SMALL TOWNS: Townsend snowmobile club receives prestigious honor
With Action 2 News anchor Jeff Alexander set to begin his recovery from ankle surgery, in the coming weeks we’re looking back at some of our Small Towns stories from its first year. We begin in the Northwoods with a report that originally aired on February 17, 2022. It was our third Small Towns report.
TOWNSEND, Wis. (WBAY) - There are more than 600 snowmobile clubs in the state of Wisconsin and thousands more across the country. But there’s one in Northern Wisconsin that is second to none.
In this week’s Small Towns, we travel to Townsend to meet the Red Arrow Snowmobile Club.
Whenever there’s a fresh blanket of snow in Townsend, it’s considered a gift from heaven.
And it’s been this way since 1968 and the founding of the Red Arrow Snowmobile Club.
“Our forefathers started it all and we just kept building on it over the years, and everybody is doing their own little part through the 53 years to make it a better club,” says Gary Wagner, Red Arrow past president.
“My dad was one of the original members of this club back in the 60′s when it started,” adds current club president Bob Berth.
Berth points to many reasons for the club’s staying power.
“What makes this club tick are its members, the business people in Townsend, the town of Townsend itself, the forest people, the state government, our trainers. It’s a conglomeration of everything involved in one club,” explains Berth.
More than 500 members make up Red Arrow, pretty impressive considering Townsend’s population.
“With the last census we just broke 1,000 population, so they’re going to have to set up a second voting ward,” says Wagner with a chuckle.
Truth is, the club’s reputation has attracted many members from outside the area, including other states like Michigan, Minnesota, Illinois and even Tennessee.
Their participation in this winter sport is vital to Townsend.
“The community has been behind us 100 percent, because when we bring the snowmobilers and the ATVs up here they go to the bars and restaurants and the gas station, the motels, and the economy flourishes,” says Sandy Wagner, Red Arrow past membership secretary.
Named after the famous World War II 32nd Division, made up of Wisconsin National Guard members, Red Arrow maintains 60 miles of trails.
While state grants help cover some of the cost, two major fundraisers keep the club thriving.
“The Saturday of Labor Day weekend every year we have our annual corn roast down the road at an establishment, and that draws from communities all over the state. I mean, you can’t find a place to park in town, it’s just slammed and these major events keep us going,” says Gary Wagner.
Thanks to those fundraisers, the club owns two trail groomers, valued at over half a million dollars.
And four to five nights a week, dedicated maintenance crews are out making sure the trails are in top-notch condition.
“I don’t crack the whip so much as I worry about when these guys go out at night, they’re out until two in the morning, sometimes about three in the morning.

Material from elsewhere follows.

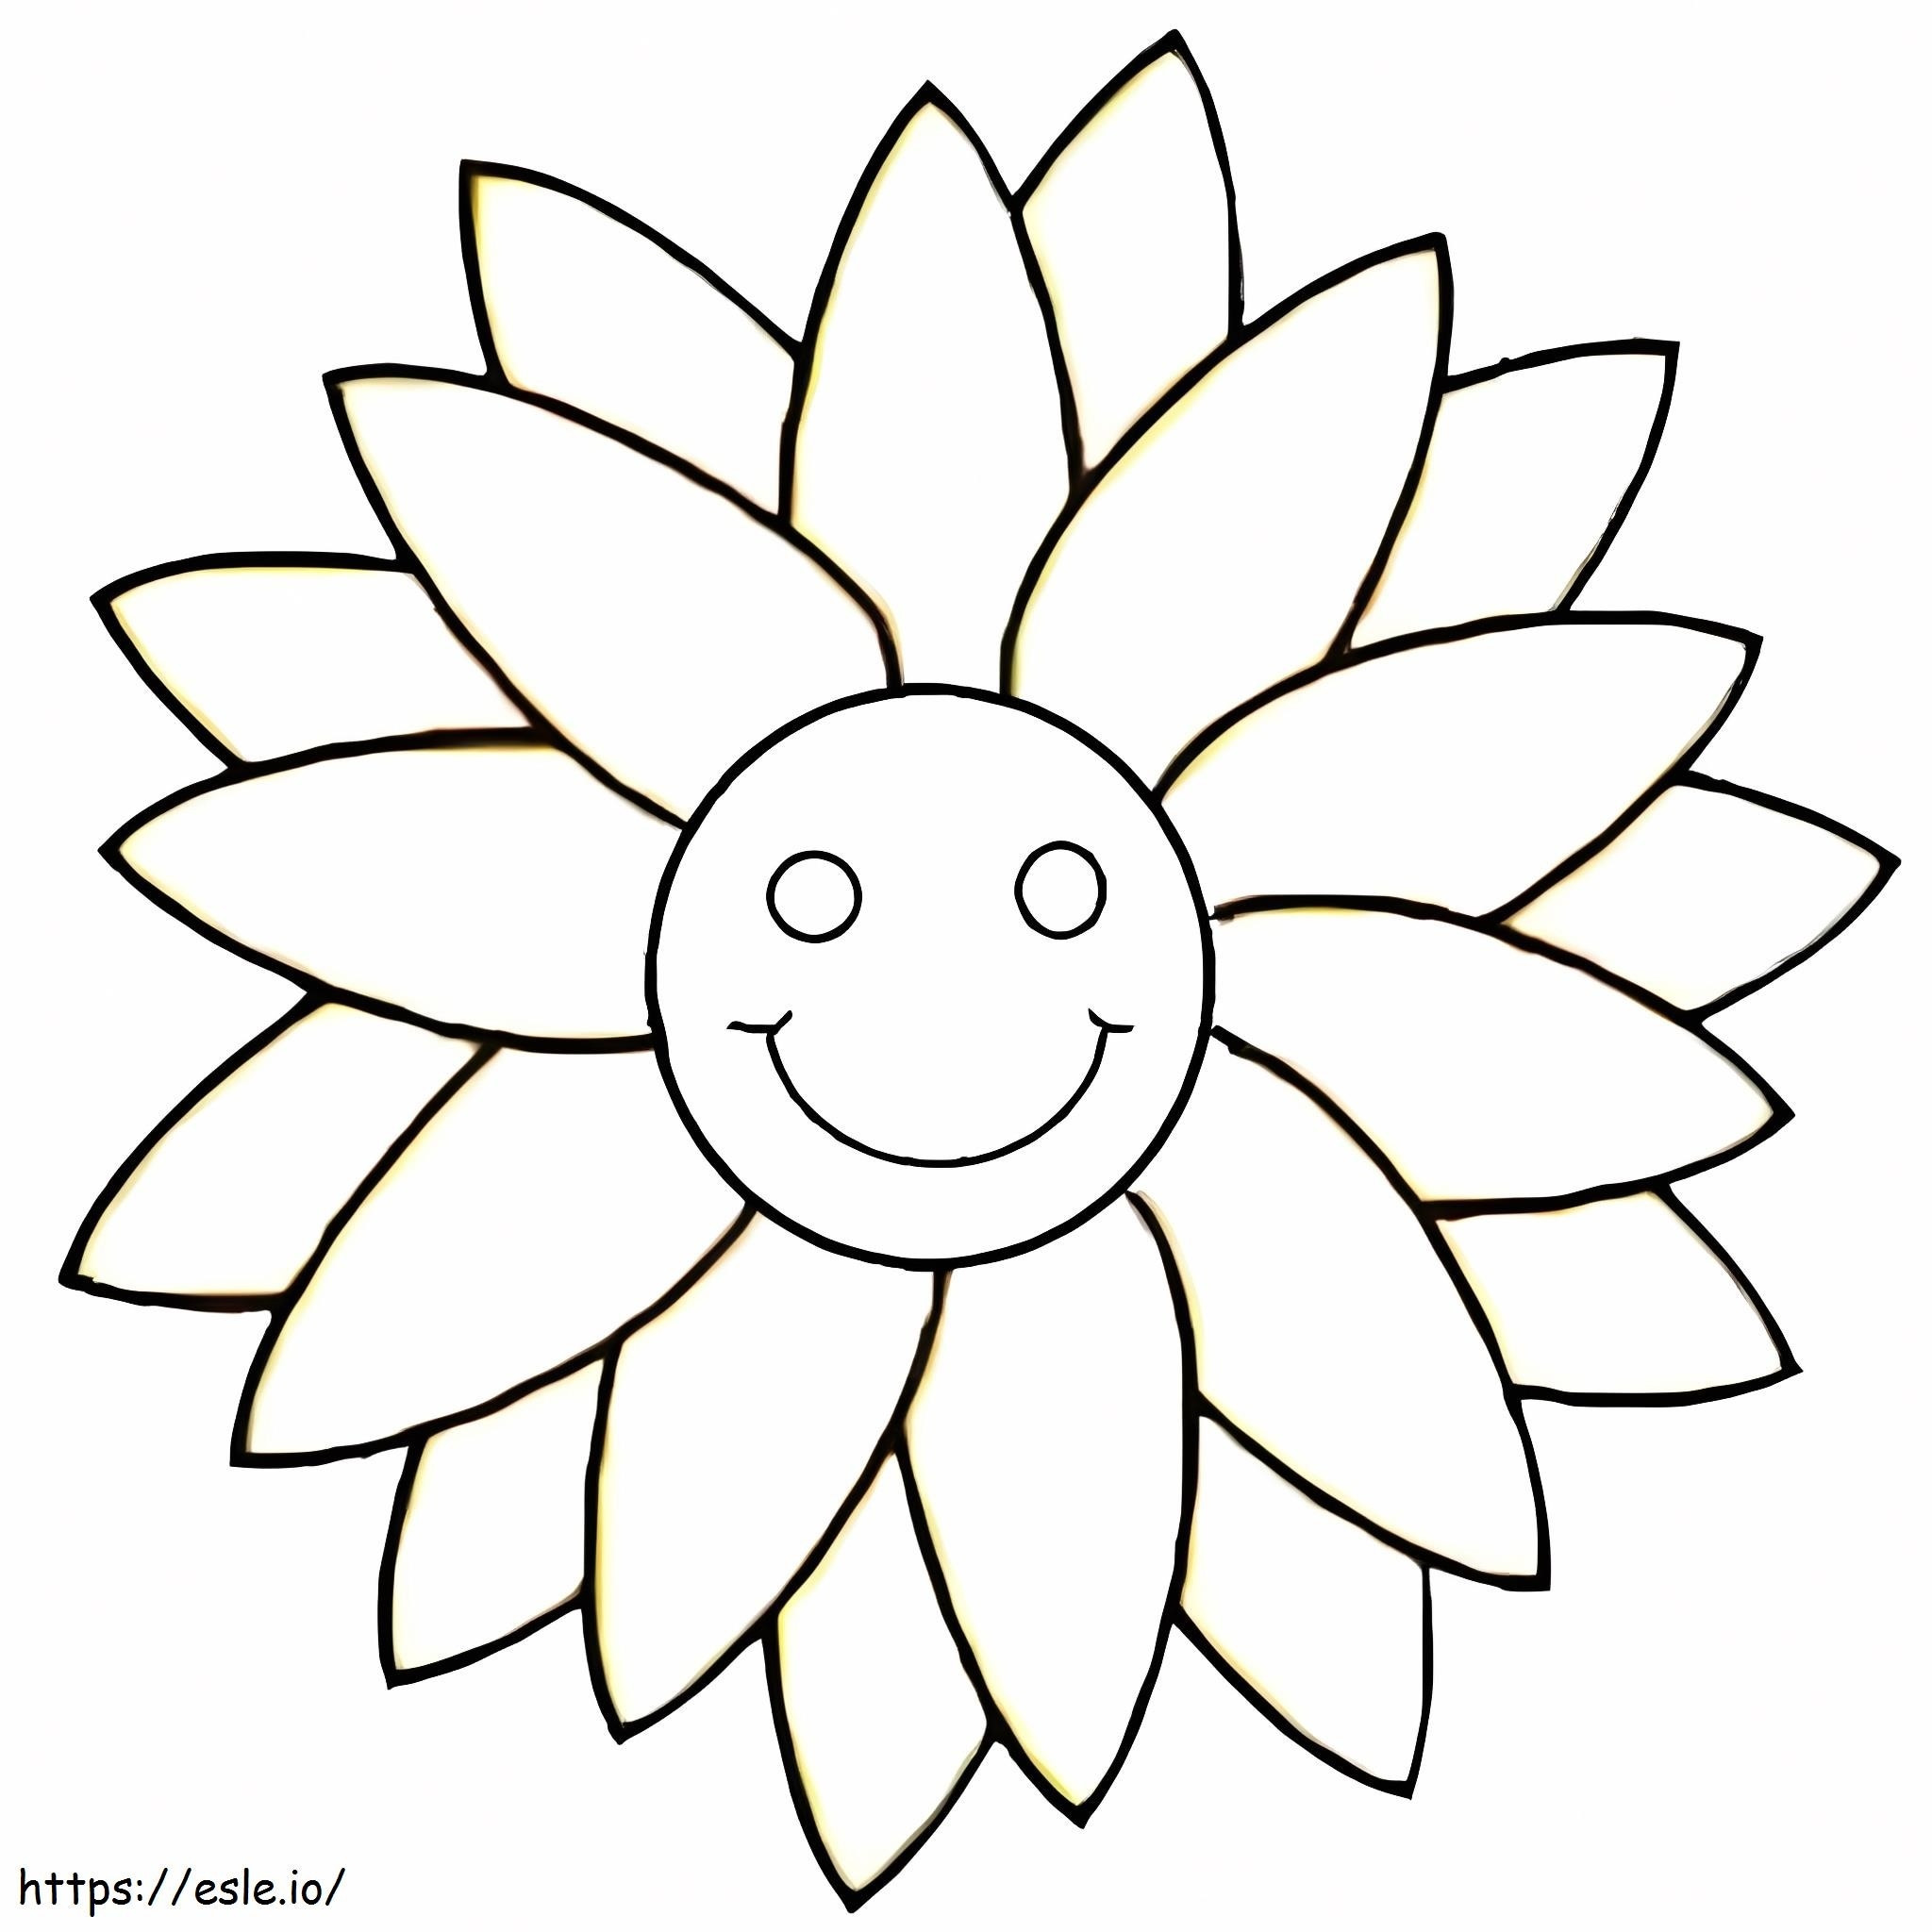 Flower Smiley Face coloring page

I’ll wake up and go, ‘Where are you guys?’” says Red Arrow trail boss Mike Malueg.
In 2018, Red Arrow was named Wisconsin’s Snowmobile Club of the Year.

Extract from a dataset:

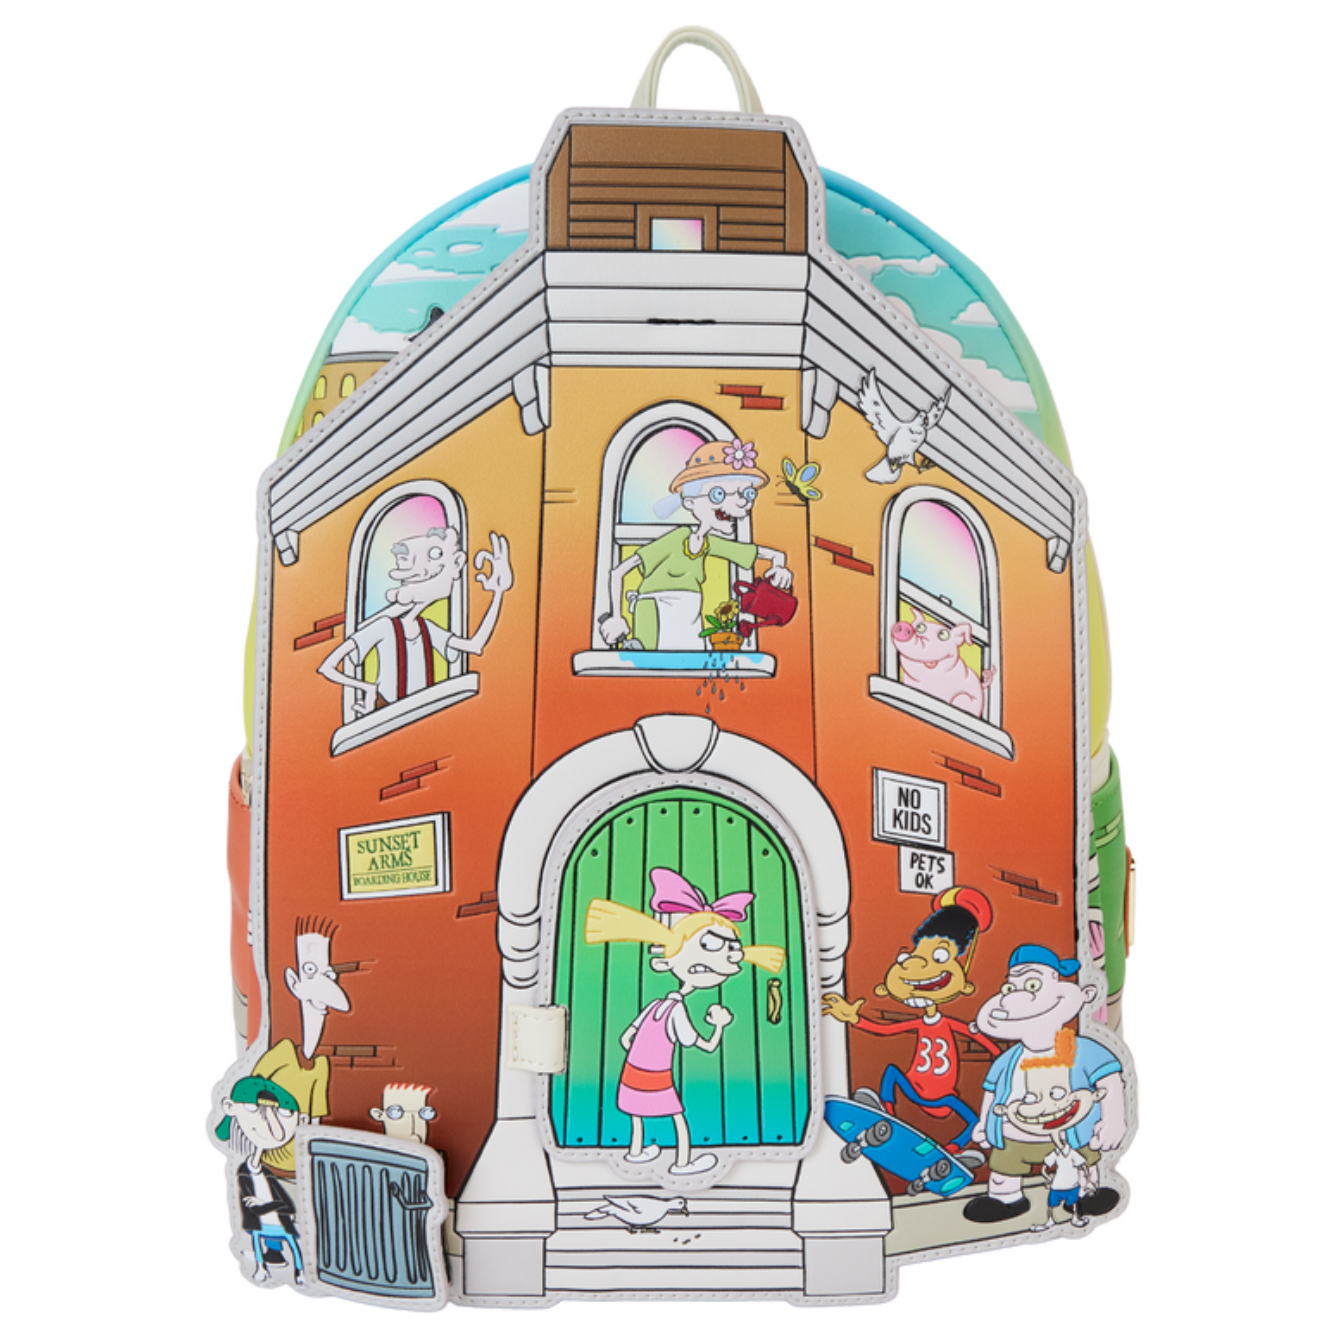 PRE-ORDER Hey Arnold! Sunset Arms Boarding House Mini Backpack

Last June, it received the National Snowmobile Club of the Year honor in Omaha, Nebraska, and that’s not all.
“And I was on stage there, gave my little acceptance speech, and I turned and I was going to get off the stage and there’s a lady standing there. She said, ‘Hold it right there, Mr. Wagner, we’re not through with you yet.’ I said, ‘What?’ and she came up to the podium and said, ‘My name is Joanne Smith. I’m the president of the International Snowmobile Hall of Fame in Eagle River, Wisconsin, and every year we choose a club as our international club to be inducted into our International Snowmobile Hall of Fame in Eagle River, and guess what, Red Arrow you’re it this year.’ I was just speechless,” recalls Gary Wagner.
Fresh off their prestigious awards, members of Red Arrow are enjoying the fruits of their labor on their sleds whenever they can, yet with a commitment to the club’s future always in focus.
“Sometimes we feel like we’re doing a lot of work an we’re doing a lot of things but when we step back and look at everything we’ve done, we’ve got to smile because we’re pretty happy with the way everything turns out,” says Berth.
“It’s definitely a labor of love. You have to have a lot of dedication and got to want to do it and a love for the sport,” says Sandy Wagner.
“It’s a club. Club is family. It should be,” says Gary Wagner with a smile.
After spending some time with members of the Red Arrow Snowmobile Club, it’s easy to see why they’ve received the recognition they have.
This is a club centered on dedication and filled with humility and gratitude.